Актер был тонкий и легкий по-своему, а человек – по-своему. И то, что прежде в этом, втором, было легкостью, стало слабостью, как часто у людей бывает. Вероятно, актерская природа Даля оказалась сильнее человеческой, и со временем тому, второму, Даленку, все труднее было угнаться за первым, не выносил он уже этой «погони», этих «взлетов» и «падений». К тому же актер все больше охладевал к своему ремеслу, конечно, в том виде, в каком ему, ремеслу, позволялось существовать. Виталий Мельников говорит, что Даль понимал – такая роль, как Зилов, у него вряд ли еще будет. В Малом театре, школу которого Даль прошел в училище и куда неожиданно для всех пришел в свой последний год, ему ничего подходящего предложить не могли. Подтверждались записанные им в дневнике слова: «И думаешь – а не на кладбище ли живешь?» Не оставалось у человека, Даленка, во имя чего преодолевать себя. И тогда судьба, актер, стала человека побеждать.
В те, последние, годы Даль часто говорил о смерти. Вскоре после окончания съемок у Мельникова прислал ему письмо, в котором к тексту пририсовал следы, ведущие к… могильному кресту. Однажды пришел к Нине Дорошиной, посмотрел в окно, из которого было видно кладбище, и сказал что-то вроде: «Скоро буду там лежать, будешь видеть из окна». В начале марта 1981-го он уехал на съемки. Еще за пару месяцев до того чувствовал себя плохо, нервы совсем разошлись. Накануне Нового года вернулся домой пьяным и праздник провел в одиночестве: Лиза, добрая душа, все-таки не выдержала и, взяв в охапку маму, уехала к друзьям, а Павла Петровна, увидев, что сын закрылся в комнате, ушла к себе.
Потом была его поездка с Лизой на съемную дачу, где среди зимней тишины и с близким человеком, как когда-то Пастернак со своей Зиной, Даль приходил в себя. «Погляди на меня, О Господи. / Вот я весь пред тобой, О Господи», – писал он тогда в стихотворении. На своем творческом вечере Даль выглядел так, что, как вспоминала теща, «производил впечатление очень раздраженного и больного человека». Записки актеру передавали через администрацию, но одну он перехватил, прочитал сначала про себя, а затем озвучил написанное в ней залу: кто-то из зрителей спросил, не кажется ли ему, что он все врет. «Ну, на этом позвольте закончить», – сказал Даль и покинул сцену.
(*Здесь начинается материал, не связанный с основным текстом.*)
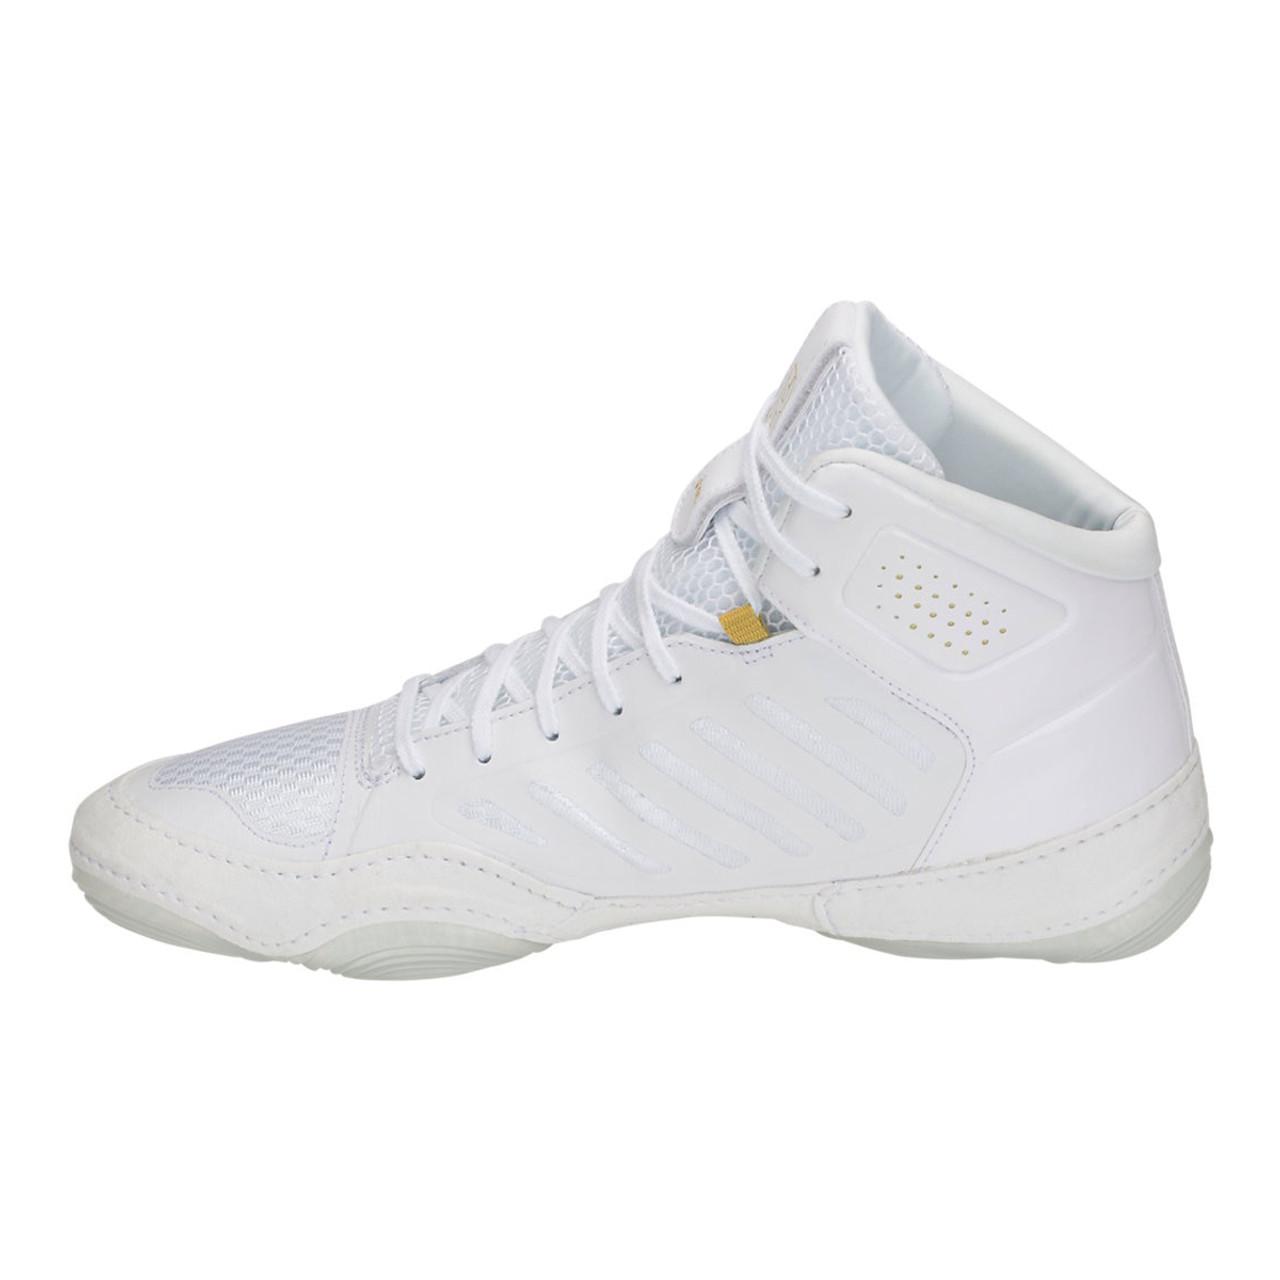 449785bec7802f ... Wrestling Shoes · Asics JB Elite III Men s Wrestling ...

Но сценарий будущей картины «Яблоко на ладони», присланный с киевской киностудии режиссером Николаем Рашеевым, вдохновил. Читая текст в электричке, Даль смеялся. Комедийная роль, каких он почти не играл, а как хотел! И вот, скажем украдкой, вспыхивала возможность стать таким, каким он когда-то танцевал на собственной свадьбе, попирая афиши. Возможность – произнесем совсем уж в сторону – соединить не просто актерское с человеческим: это он делал во всех своих работах. Маячил счастливый шанс соединить умника и даже, чего уж там, мудреца – с вечным обаятельнейшим мальчишкой, «Олежечкой», который в Дале, то дерзя, то обнимая близкого, то смеясь, то плача втихомолку, то убегая, то возвращаясь, жил до последнего…
Даль уехал в Киев. А вскоре после начала работы утром в его гостиничный номер стучали – ответа не было. Взломали дверь, но врачи приехавшей «скорой» помочь уже не смогли. Наверное, «актер» навсегда унесся в свое «завтра», а «человеку», оглянувшемуся и не увидевшему собрата, ничего не оставалось, как устремиться вслед за ним – туда, где все сияло, переливалось и манило волшебством.
Жора
«Белый макинтош»
Одна из лучших ролей Георгия Буркова – в фильме Василия Шукшина «Печки-лавочки». Сыграл он там промышляющего в поездах вора, который подсаживается в купе к едущей на юг паре и называет себя «конструктором». Что в той истории с попутчиком главное? Конечно, эпизод с кофтой. Подарил вор гипюровую кофточку, обнаруженную им в украденном чемодане, симпатичной деревенской женщине Нюре. Которая «таких сроду не носила». Зачем подарил, если мог продать дефицитную вещь? Выгоды в смысле завоевания женской симпатии никакой – Нюра с мужем на море едет. Подарил по доброте, от чистого сердца. Потому что он, прежде всего, человек душевный, романтичный, а ворует, может быть, только из любви к своему искусству.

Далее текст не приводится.